Strategies for family caregivers

  • Avoid power struggles and angry escalations. What may be experienced as the person “lying” or not “admitting” to the disease could be anosognosia and a symptom of bvFTD.
  • Use the AFTD website (theaftd.org), AFTD HelpLine, and other resources to learn more about FTD.
  • Share AFTD resources with healthcare providers to ensure understanding of FTD symptoms.
  • Complete legal forms, including durable power of attorney, healthcare power of attorney and advanced directives. These may be difficult to obtain when the person feels nothing is wrong. Consult an attorney who specializes in elder law.
  • Some family members may disagree about the severity of the behaviors or the need for additional care. It may be helpful to hold a family meeting facilitated by a professional to refocus on the needs of the person with FTD and their primary care partners.
  • Secure family financial safety by limiting access to credit cards, money and the internet. Use rechargeable gift cards to monitor and limit spending.
  • Continually assess the safety of the person with FTD, their family and community members. Special care is needed when children are in the home.
  • Write down concerns and give them to healthcare providers or program staff without telling the person with FTD.
  • Don’t try to reason with the person or contradict their own assessment of their health or abilities.

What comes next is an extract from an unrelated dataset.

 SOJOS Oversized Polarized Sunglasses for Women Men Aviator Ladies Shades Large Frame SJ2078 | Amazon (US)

  • Discuss issues and plans only at the last minute. When you need your loved one to do something, you may need to “sell” it rather than present the request forthrightly.
  • Tell little white lies if necessary to protect the person.

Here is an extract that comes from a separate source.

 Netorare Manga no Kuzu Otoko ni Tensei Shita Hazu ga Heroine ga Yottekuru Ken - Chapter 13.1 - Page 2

  • Pursue driving cessation, starting with a driving evaluation. People with impaired awareness and judgment should no longer be driving, operating machinery or have access to firearms.
  • Focus energy on helping them adjust to the change.
  • Adjust your expectations. If you find yourself frustrated when the person diagnosed refuses to do certain tasks, ask yourself “Is this really that important?”
  • Avoid potentially stressful social engagements. Carry cards explaining FTD for when the person begins to act out publicly.
  • Discuss sexual issues with a primary care provider for possible medication (e.g., selective serotonin reuptake inhibitors).
  • Practice self-care. Use formal and informal respite to enable patience in caregiving.

Moderate and later stages

  • If a person diagnosed must complete a task, break it down into small components and help them get started. Don’t verbally correct the person. Suggest that the proposed task is simply something you need help with, or tell a little fib: “You agreed to this earlier, remember?”
  • Consider residential care early to identify appropriate placement. A person with behavioral unawareness may do well if placed early, as there is less pressure to consider the needs of others.
  • Ensure initial training and regular in-service boosters for residential care staff. Include an overview of FTD and bvFTD, communication techniques, managing obsessive behaviors, recommended activities, safety precautions, and modifying care protocols to lessen potential for violence. Use psychiatric acute care when necessary.
  • Elopement may be a problem, even in a secured unit. Ensure that care staff monitor the person diagnosed closely.
  • Avoid the use of television to prevent illusions and delusions. Instead, give them objects they can examine, sort and tinker with.
  • Pacing and movement help the person cope with stress. However, do not make them stop walking without a substitute activity in place, or spontaneous vocalizations may occur. Establish a quiet area near a window where they can sit when they need to stop pacing.
  • Use bathing and dressing as a preliminary step to going out for lunch or another valued activity.
  • Avoid showers and use alternative bathing techniques.
  • Use scheduled mild analgesics in the morning and evening to prevent or treat discomfort from pacing.
  • Provide small frequent snacks to avoid weight loss.
  • Assume the person with dementia is trying their best.